The overarching theme of this dissertation is Gassendi’s use of physics and faith in his philosophy. He read both the “Book of Nature” and the “Book of Revelation” with equal attention, and attempted a synthesis of both in his Physics and Ethics in his crowning achievement, the Syntagma Philosophicum. To achieve his synthesis, Gassendi often had to resort to creative quotations from Church Fathers to demonstrate consistency between Church teaching and the new physics. Perhaps the most important example of this is Gassendi’s understanding of space and time as being coeternal with God.

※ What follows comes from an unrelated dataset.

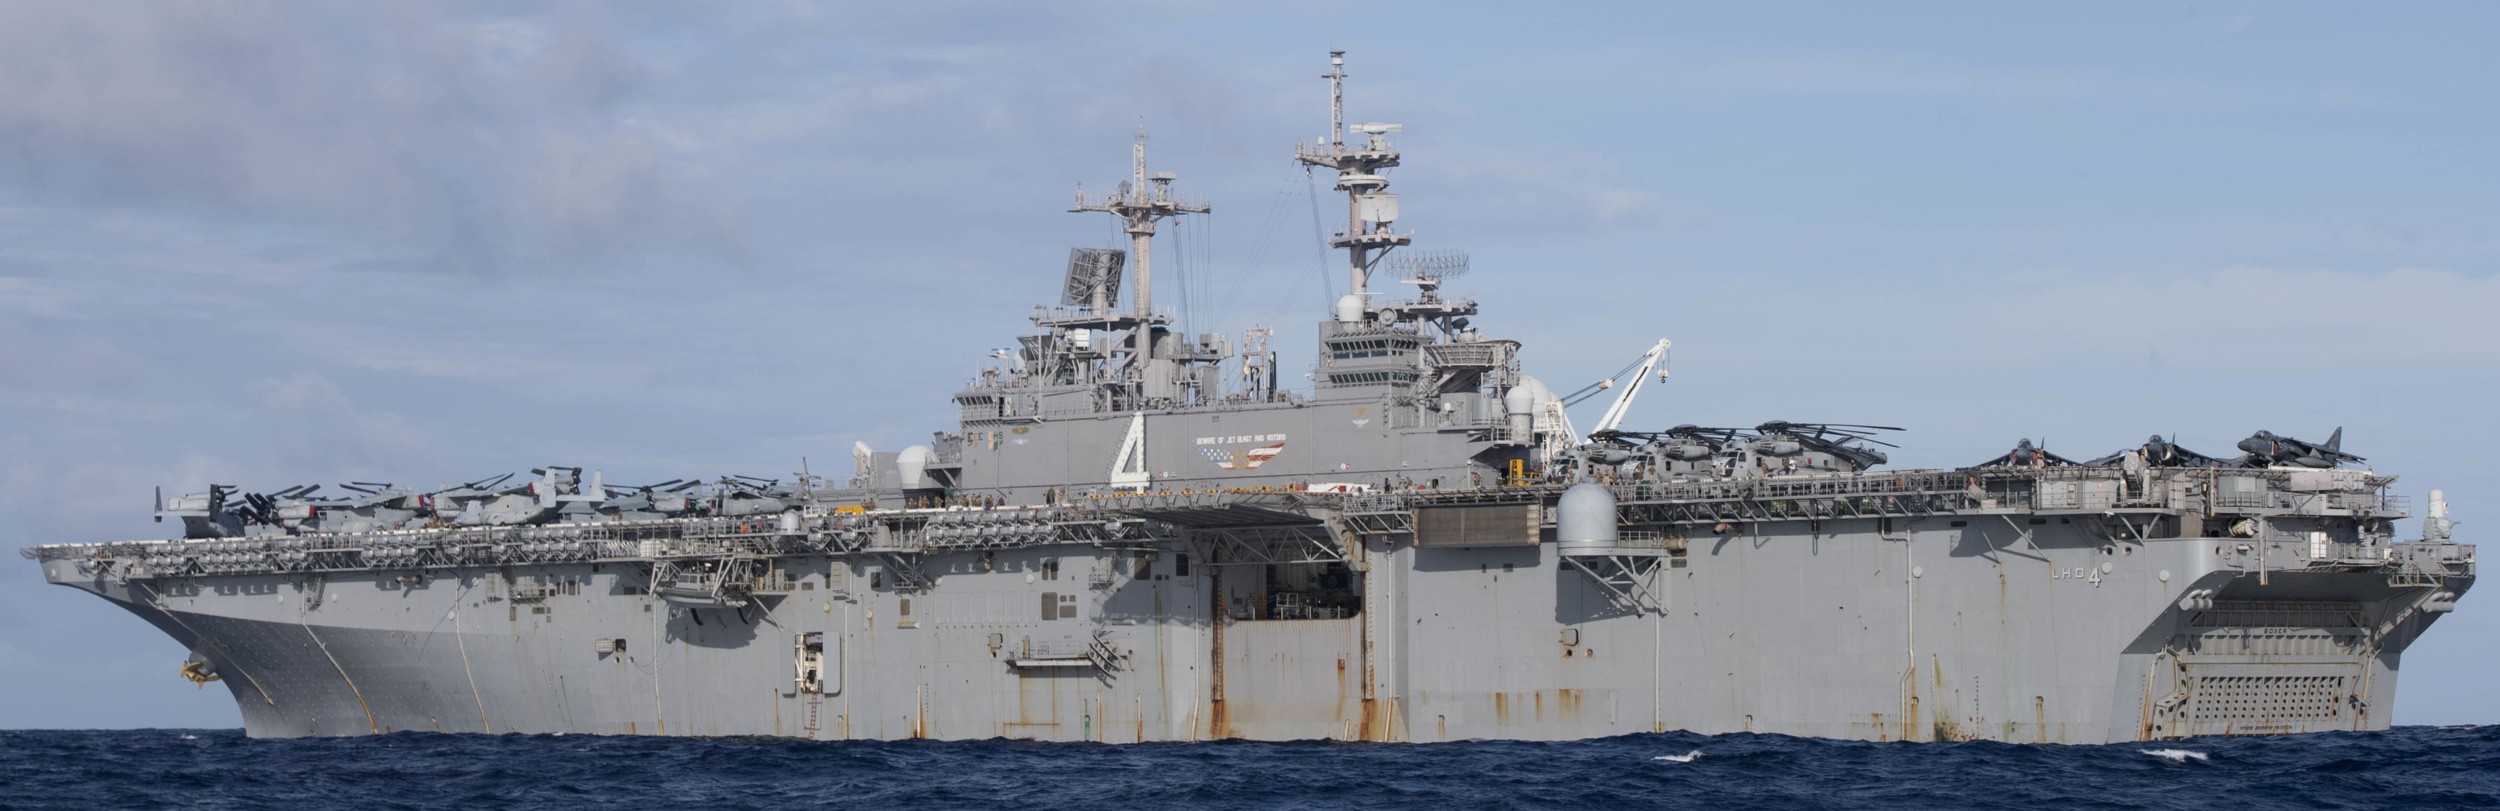 lhd-4 uss boxer wasp class amphibious assault ship landing helicopter dock us navy vmm-163 marines 145

Three Church Fathers were especially important to Gassendi: Clement of Alexandria, Lactantius and Augustine. Clement could be considered a role model for Gassendi; his high regard for Greek philosophy and his attempt to incorporate it into Christian theology mirrored Gassendi’s own approach. And, like almost all philosophers in antiquity, while Clement had disparaging things to say about Epicureanism, he also occasionally referred to some of Epicurus’s sayings favorably. Gassendi made maximum use of Clement’s favorable comments in his own arguments.

Lactantius produced the most detailed and ‘systematic’ attack against Epicureanism in Christian antiquity. Because of this, Gassendi carefully refuted Lactantius point by point throughout his work. Another reason for the emphasis on Lactantius was that Gassendi may not have felt comfortable directly refuting Augustine. Gassendi often tries to enlist Augustine as supportive of his own ideas, but as a result he often misquotes Augustine or quotes him out of context. Gassendi needed the authority of Augustine on his side, so that in some respects Lactantius became Gassendi’s whipping boy for Augustine.

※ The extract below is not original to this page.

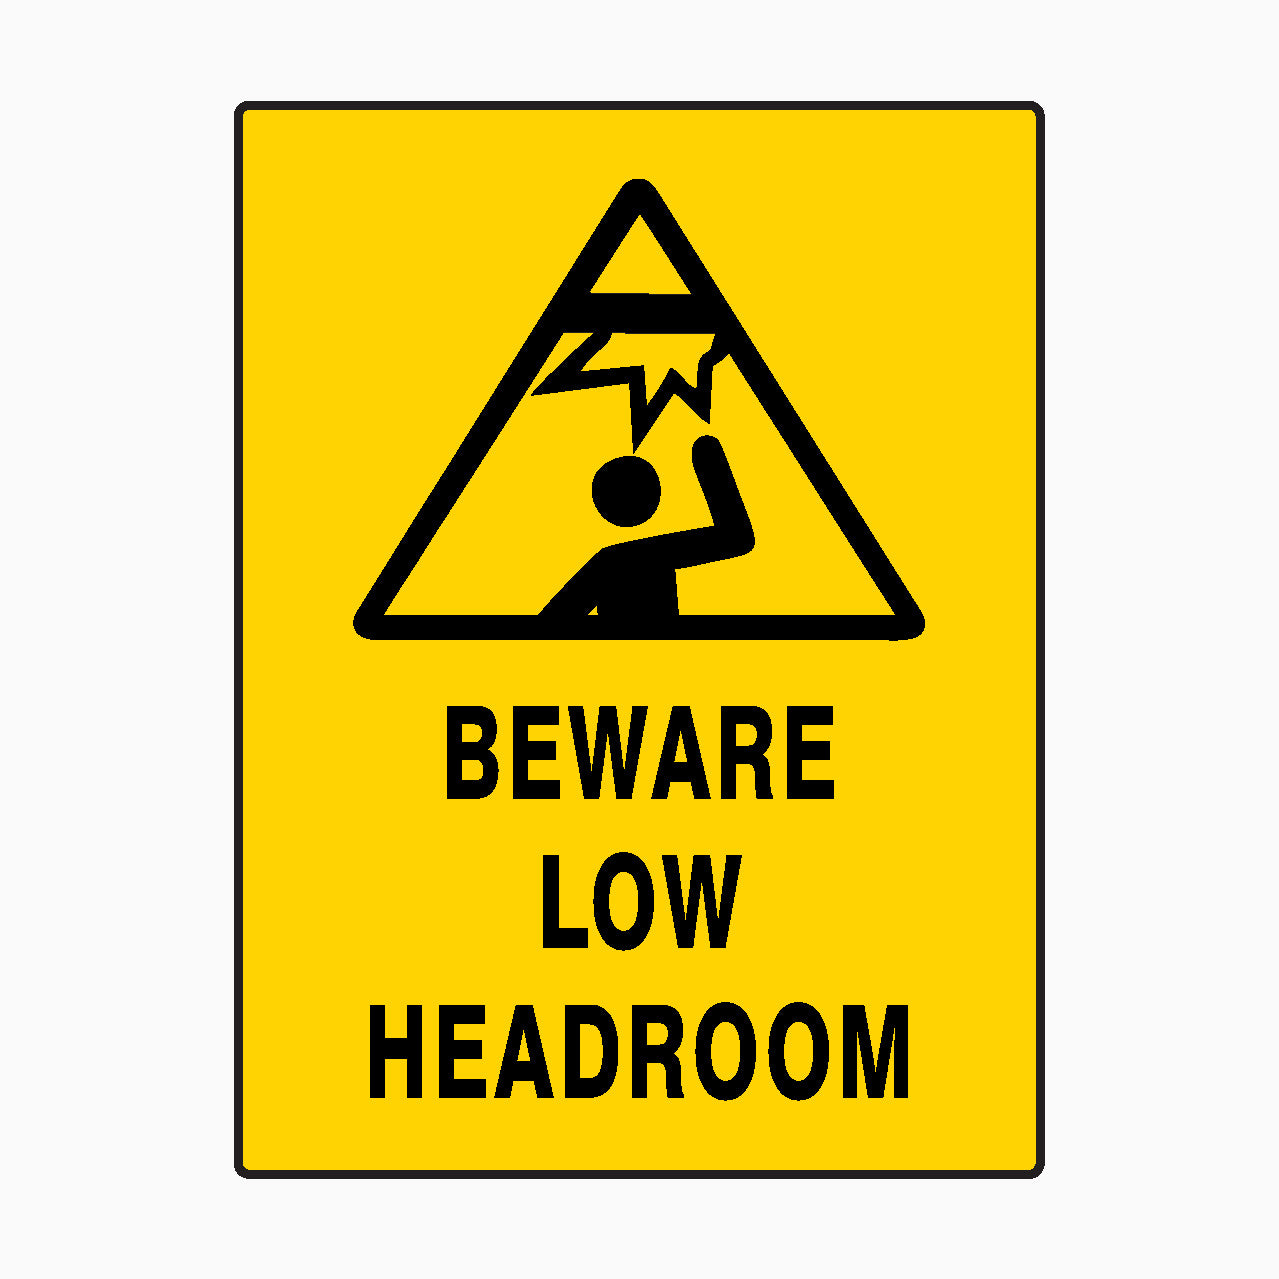 BEWARE LOW HEADROOM SIGN

He also used Scripture creatively to support his physics; especially notable is that Gassendi seemed to think of Ecclesiastes as being explicitly supportive of Epicureanism. He frequently cites Ecclesiastes in support of his idea of time and space, multiple worlds, and ethics based on pleasure.

Gassendi’s extensive efforts to reconcile Christianity and the new physics by way of a refurbished Epicureanism were not deemed important by subsequent physicists or natural philosophers. In part this may be because by the end of the seventeenth century a distinction was being made between a physicist and a philosopher, a distinction that Gassendi would not have recognized.